Last summer in Philadelphia, the former president told an NAACP audience that by signing the bill he had probably made the problem of mass incarceration “worse.”
But he struck a different tone last week. Back in Philly stumping for his wife, Clinton launched a vigorous defense of the crime bill, sparring for 10 minutes with Black Lives Matter protestors. Far from destroying black communities, as the protestors argued, Clinton insisted that the law bolstered them by taking child-murderers and crack dealers off their streets.
By the next day, Clinton had changed his tune once again, claiming that he “almost want[ed] to apologize” for his comments of the previous day.
Clinton’s ambivalence is understandable. It highlights the difficulty in discerning the efficacy of public policies. It also demonstrates the difficulty of speaking candidly about an issue in which race plays an important role and on which human lives depend.
The Crime Bill was a bipartisan response to a rise in violent crime. Its defenders claim it was a primary factor in the subsequent drop in crime. “Because of that bill, we had a 25-year low in crime, a 33-year low in the murder rate, and listen to this, because of that and the background check law, a 46-year low in the deaths of people of gun violence,” Clinton said last week.
But while the law undoubtedly contributed to those declines, most experts say they had more to do with other factors, such as developments in policing techniques and technology as well as economic, social and even environmental forces beyond the scope of the criminal justice system. Notably, the decline in violent crime began before the Crime Bill became law.
What no one can argue is that the law contributed to an enormous rise in the nation’s prison population. And it’s from there that much black anger stems, and where it is justified.
Since the era of mass incarceration began three decades ago, the prison population has shot up 400 percent, to roughly 2.3 million people, the largest in the world. America has 5 percent of the world’s population but 25 percent of its prisoners. That statistic alone probably tells us something has gone wrong with our criminal justice system, even though it also points toward serious problems, too, with our deteriorating culture and social cohesion.
Fortunately, a consensus has formed that too many people are being placed in prison for too long and at too high a cost, both financially and morally. When ex-offenders leave prison, too many aren’t prepared for reintroduction into society.

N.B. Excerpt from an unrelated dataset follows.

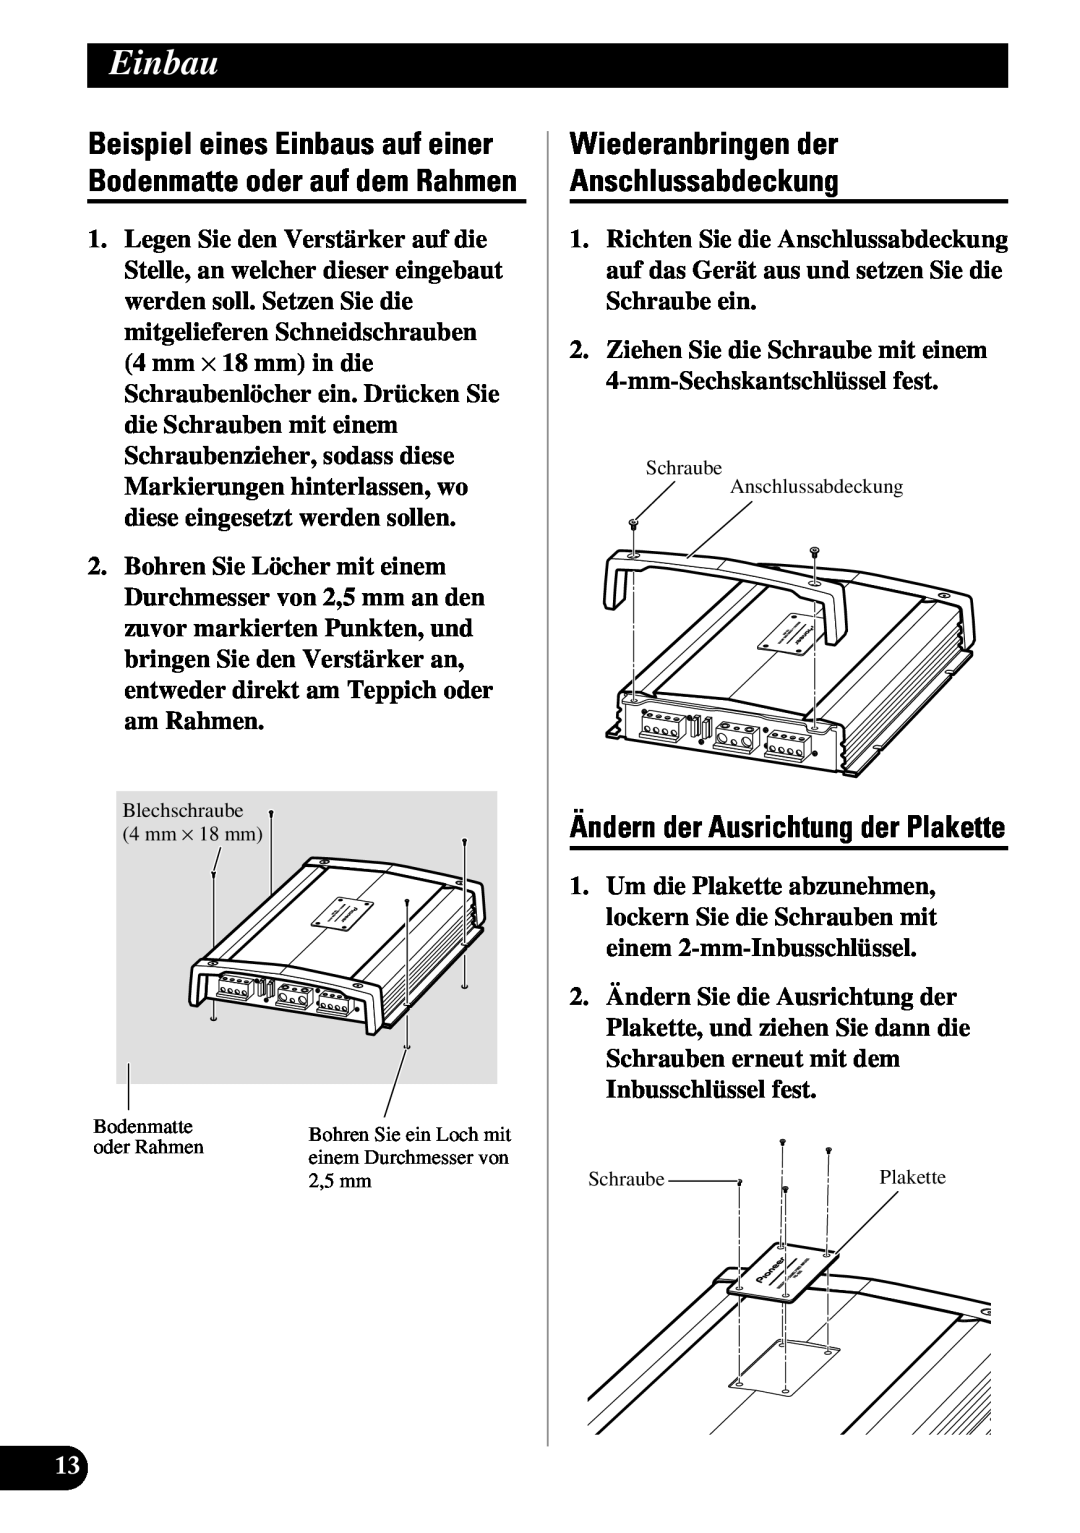 Pioneer PRS-A900 owner manual Wiederanbringen der Anschlussabdeckung, Ändern der Ausrichtung der Plakette, Einbau

A bipartisan coalition of lawmakers, activists and academics agree that the old approach of warehousing prisoners isn’t working and that reform is desperately needed. Any issue upon which President Obama, the ACLU, Rand Paul and the Koch brothers agree deserves our careful attention.
It is undeniable that the erosion of trust that has taken place between police and the black communities must be restored. Black Lives Matter and other activists are not wrong when they say that mass incarceration has helped destroy black communities. But they are also not completely right if they ignore or deny other causes just as obvious.
The criminal justice system is not inherently racist, despite the incidents of racial discrimination by police that do occur. If anything, a policy of deliberate benign neglect by law enforcement for the sole purpose of incarcerating smaller numbers would do greater damage to black communities than to anyone else. Blacks are, after all, disproportionately the victims of violent crimes.
FBI statistics show that about 90 percent of blacks murdered in single-victim crimes are murdered by other blacks. (A similar number is true of white murder victims.) As Clinton put it while shouting at protestors during his defense of the crime bill last week, “You are defending the people who killed the lives you say matter. Tell the truth!”
Telling the truth means acknowledging that mass incarceration did more harm than good. But for the protestors, it also means realizing that by aiming their fire at law enforcement to the exlusion of all other and numerically more serious problems, they are not hastening but delaying the day when this societal ill is resolved.